7) O romance apresenta uma curiosa mescla de linguagem culta urbana e
termos regionais (arcaísmos, corruptelas, provérbios, expressões típicas).
Estes "regionalismos", na sua maioria, são explicados pelo próprio autor, em
notas ao pé das páginas. O resultado dessa junção é uma prosa bastante viva,
colorida e com acentos humorísticos na sua formulação. Veja-se um exemplo:
E mulher, prosseguiu o mineiro (Pereira) com raivosa volubilidade, é
gente tão levada da breca, que se lambe toda de gosto com ditinhos e
requebros desta súcia de embromadores. Com elas, digo eu sempre, não há
que fiar...Má hora me trouxe este alamão...Mil raios o rachem!...Tenho
agora que ficar de alcatéia...meter-se em tocaia e fazer fogos para que o
braicá não me entre no galinheiro. Ora que tal! (...) Já estou enfernizado
com o tal homem...
A RETIRADA DE LAGUNA :: Incursões paraguaias no sul de Mato Grosso, no início
da Guerra do Paraguai (1865-1870) levaram o comando militar do Império a enviar uma
coluna para manter incólume a fronteira brasileira e, dependendo das circunstâncias,
invadir o território inimigo. Ao acompanhar a expedição, como tenente de engenharia,
Taunay não podia imaginar o horror que os aguardava.
Por erro fatal do comandante - acusado de covardia em outro episódio - que
contrariando toda a lógica, decidiu-se pela invasão do Paraguai. Sem cavalaria, sem
retaguarda, com poucas munições e víveres, a tropa de cerca de mil e setecentos homens
penetrou num sertão inóspito, numa vastíssima região de pantanais, febres e campinas que
os paraguaios incendiavam, colocando a soldadesca brasileira dentro de um inferno. Ao
fogo somou-se a fome. E a estes, a terrível doença da cólera, causada pela região insalubre.
A campanha - que durou apenas um mês transformou-se m grande desastre. Em condições
lamentáveis, sobreviveram tão somente setecentos homens.

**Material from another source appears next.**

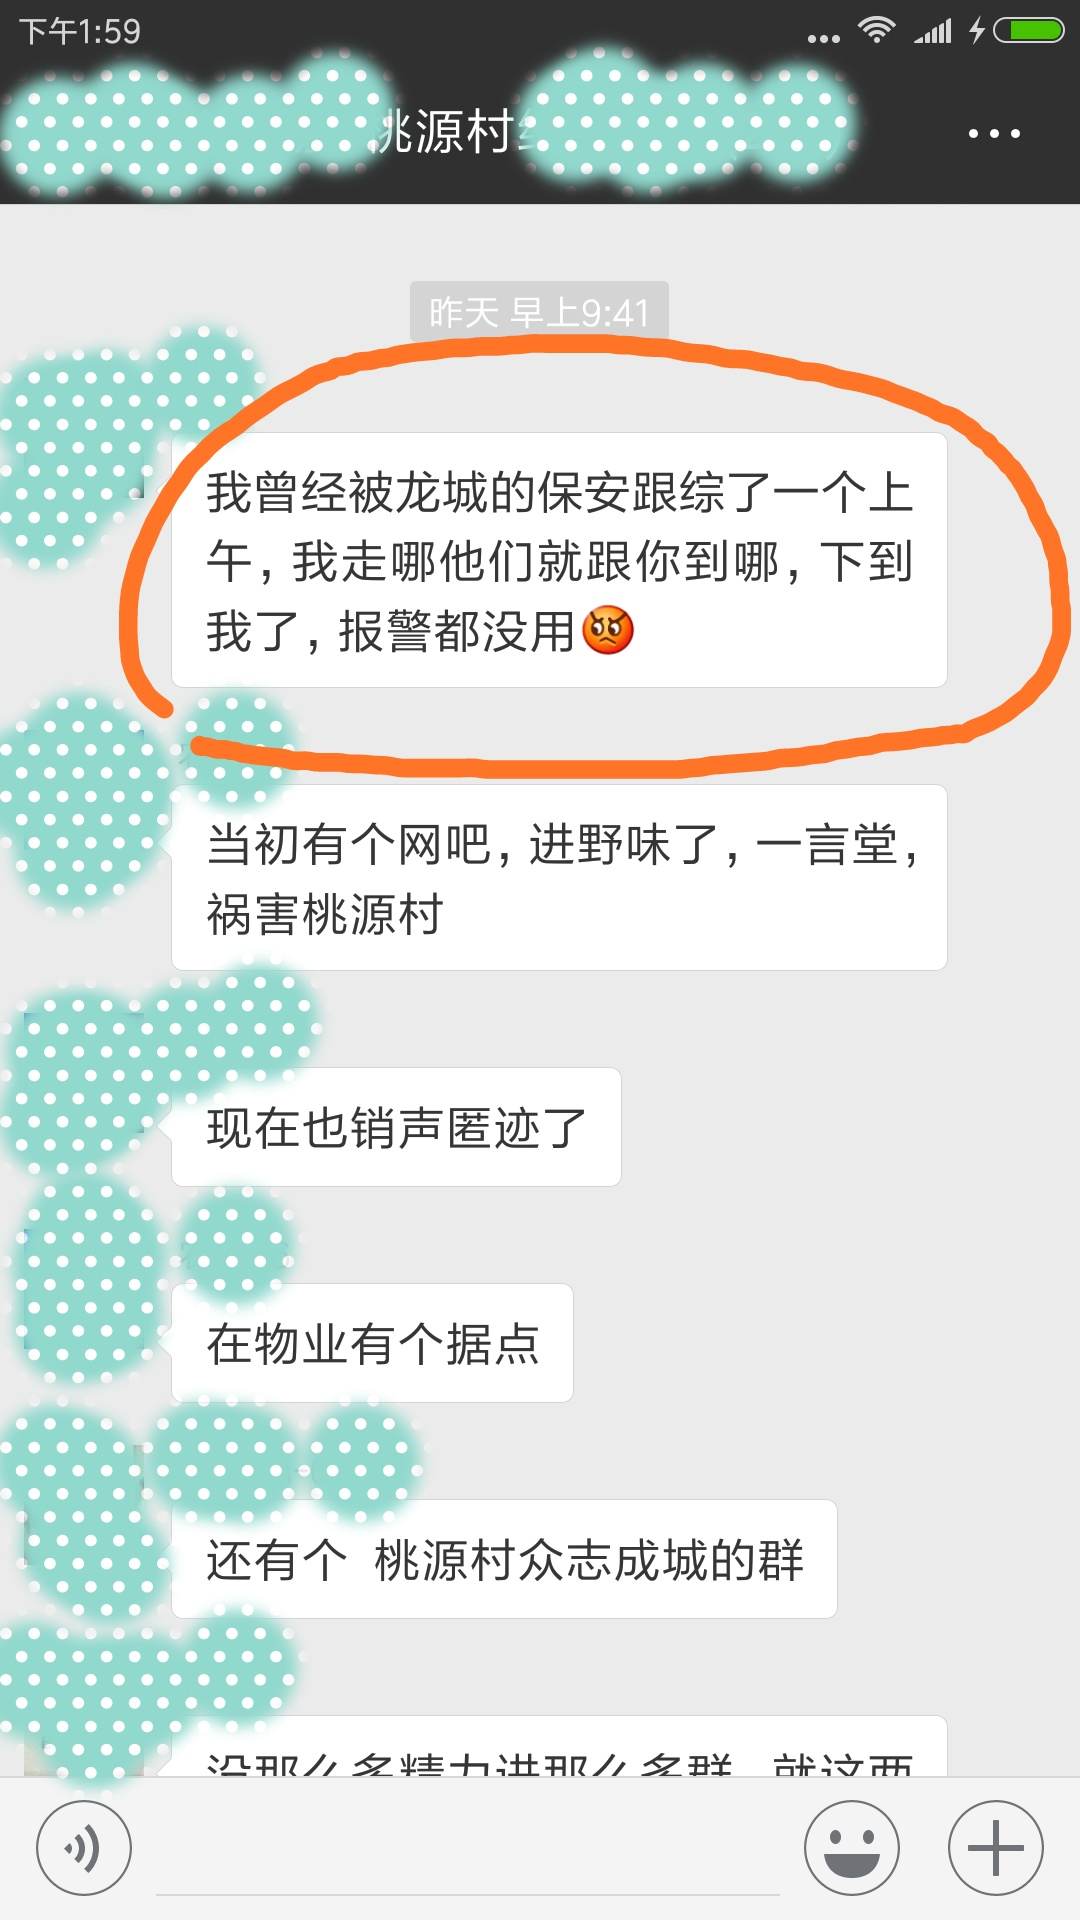 Screenshot_2018-09-05-13-59-37-390_com.tencent.mm.png

A visível inépcia do comandante, intensificado pelo desconhecimento das condições
adversas do meio, o heroísmo de oficiais e soldados no dia a dia da expedição e,
principalmente, a carnificina da guerra e da peste aparecem numa prosa simultaneamente
objetiva e dramática. A retirada da Laguna não tem o vigor trágico de Os sertões, de
Euclides da Cunha, mesmo assim possui força descritiva, interesse documental e,
muitas vezes, emociona os leitores. Tome-se, como exemplo, este fragmento sobre as
primeiras manifestações da cólera:
Caiu à noite uma chuva abundante que agravou todos os nossos sofrimentos. Os
coléricos, amontoados junto da pequena barraca dos médicos, ao ar livre e sem abrigo,
recebiam no corpo enregelado os aguaceiros, que se sucediam a intervalos. Penalizavanos
ver aqueles desgraçados, extremamente agitados, rasgando os farrapos com que
procurávamos cobri-los, rolando uns sobre os outros, contorcendo-se de cãibras,
vociferando, lançando urras que se confundiam num único grito articulado: "Água!"